Your assignment: From the data that follows, set down exactly the lines from the one with "Eiki LC-SM3 owner" through the one with "Logotipo de W Hotels", counting both. Pictures stay out.

Records for the exercise:
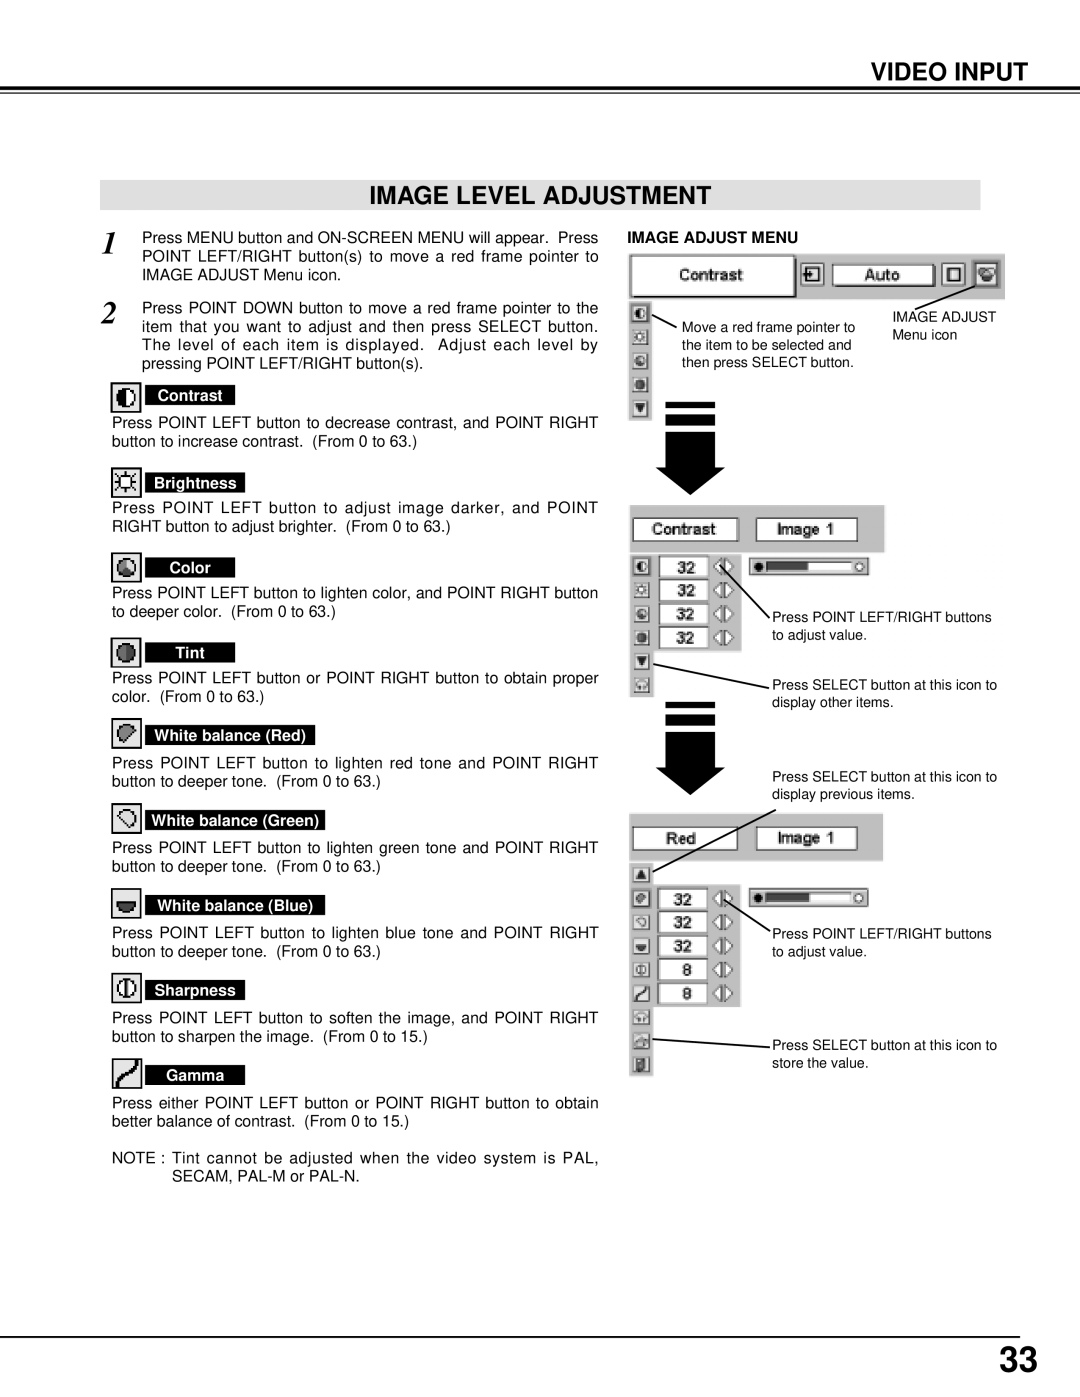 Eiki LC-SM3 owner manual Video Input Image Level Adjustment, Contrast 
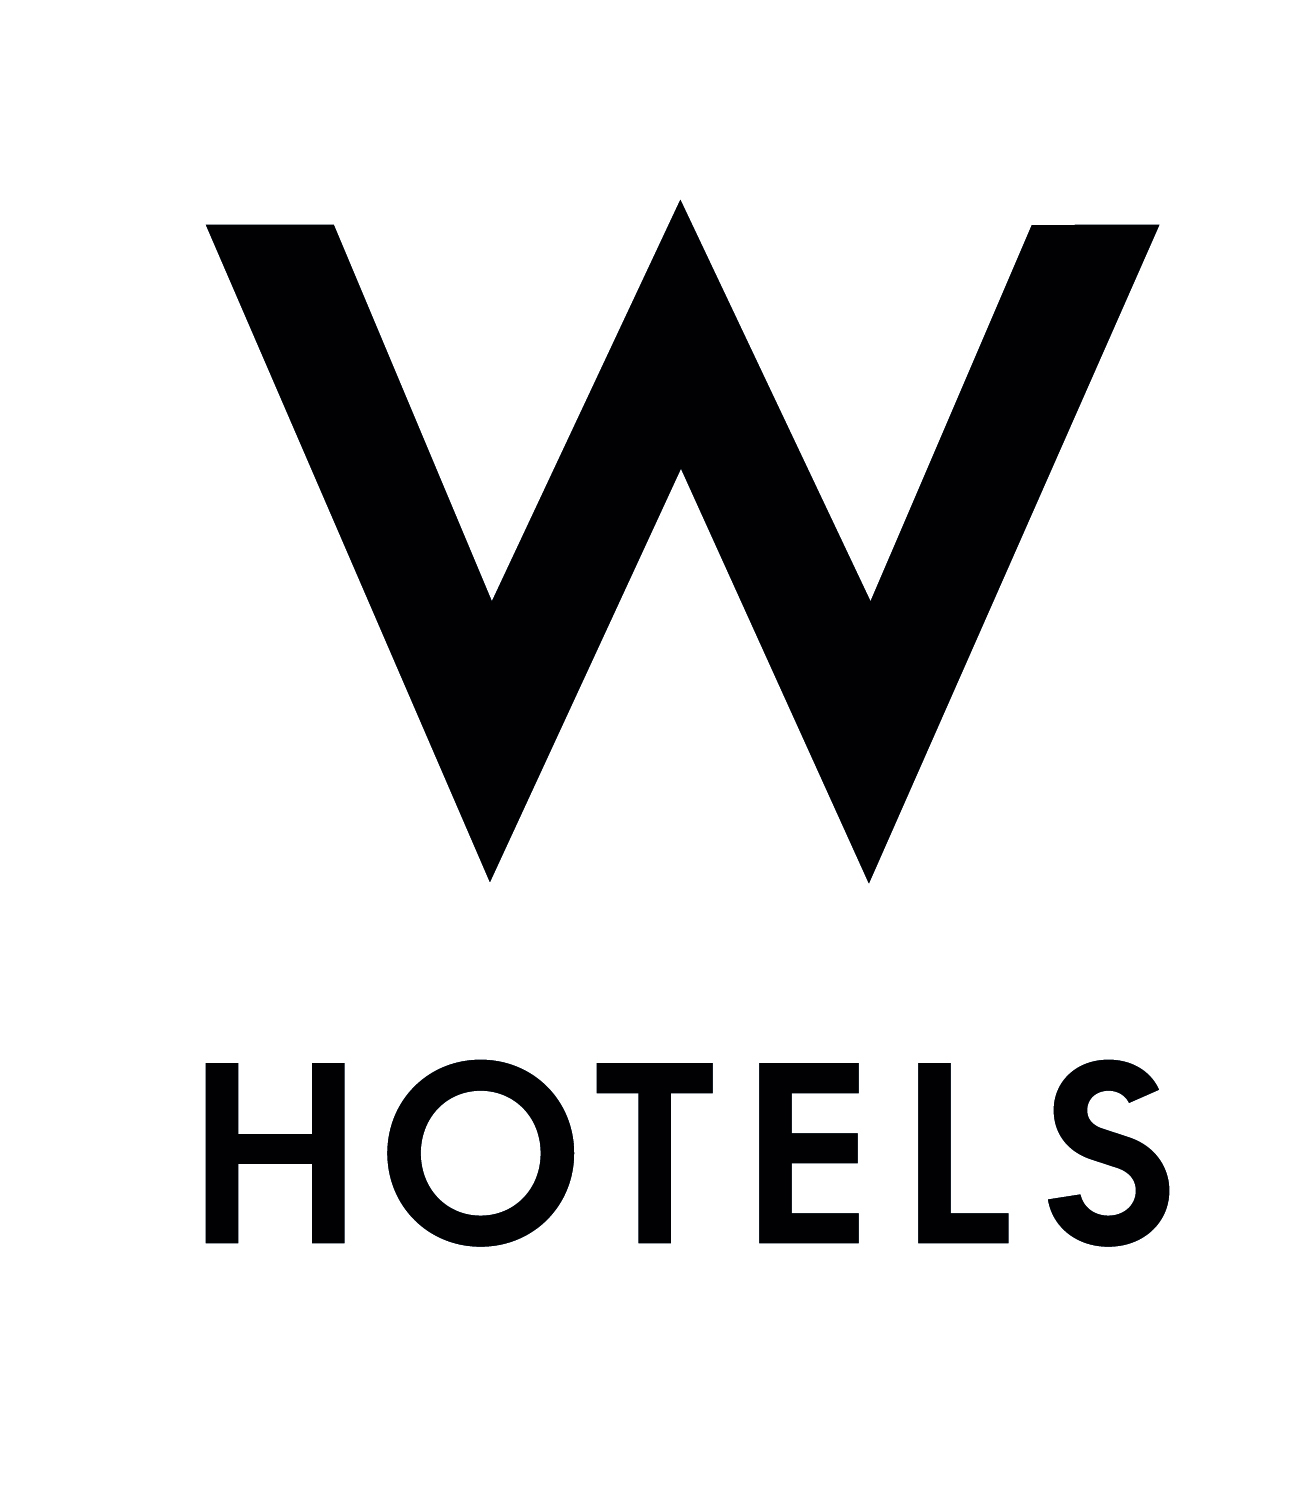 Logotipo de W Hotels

---

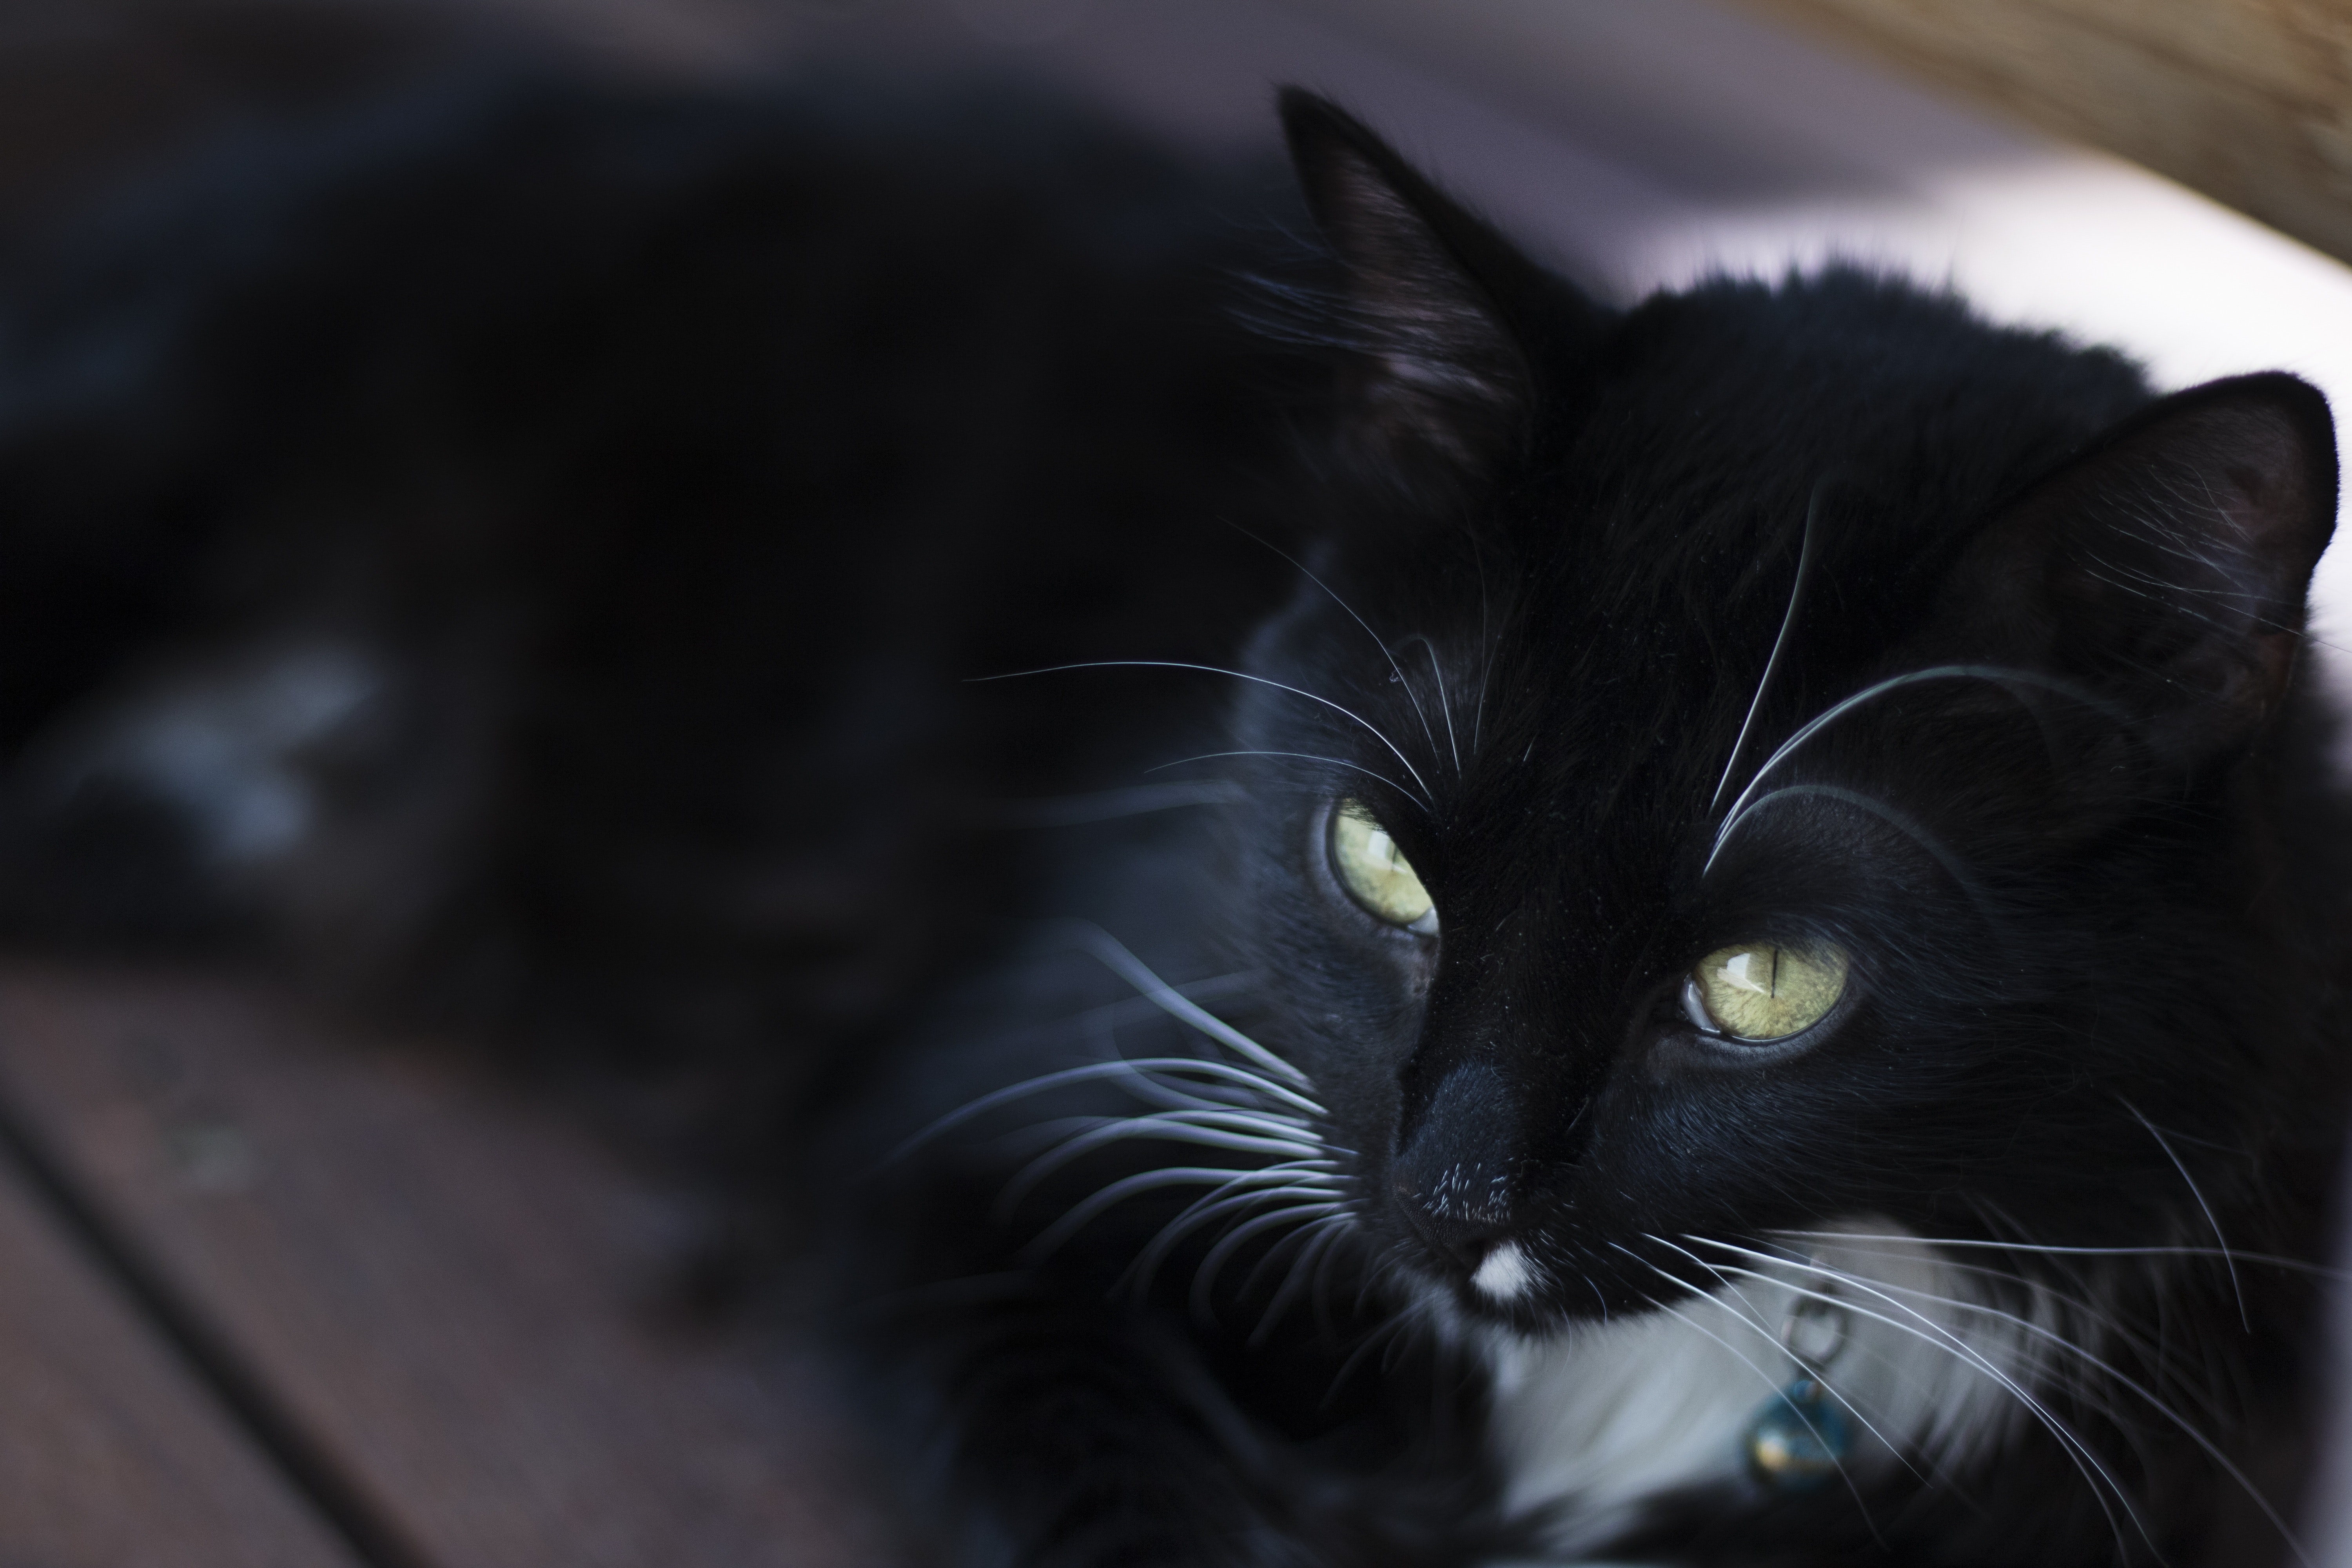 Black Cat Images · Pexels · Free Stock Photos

Reply to the task:
 Eiki LC-SM3 owner manual Video Input Image Level Adjustment, Contrast 
 Logotipo de W Hotels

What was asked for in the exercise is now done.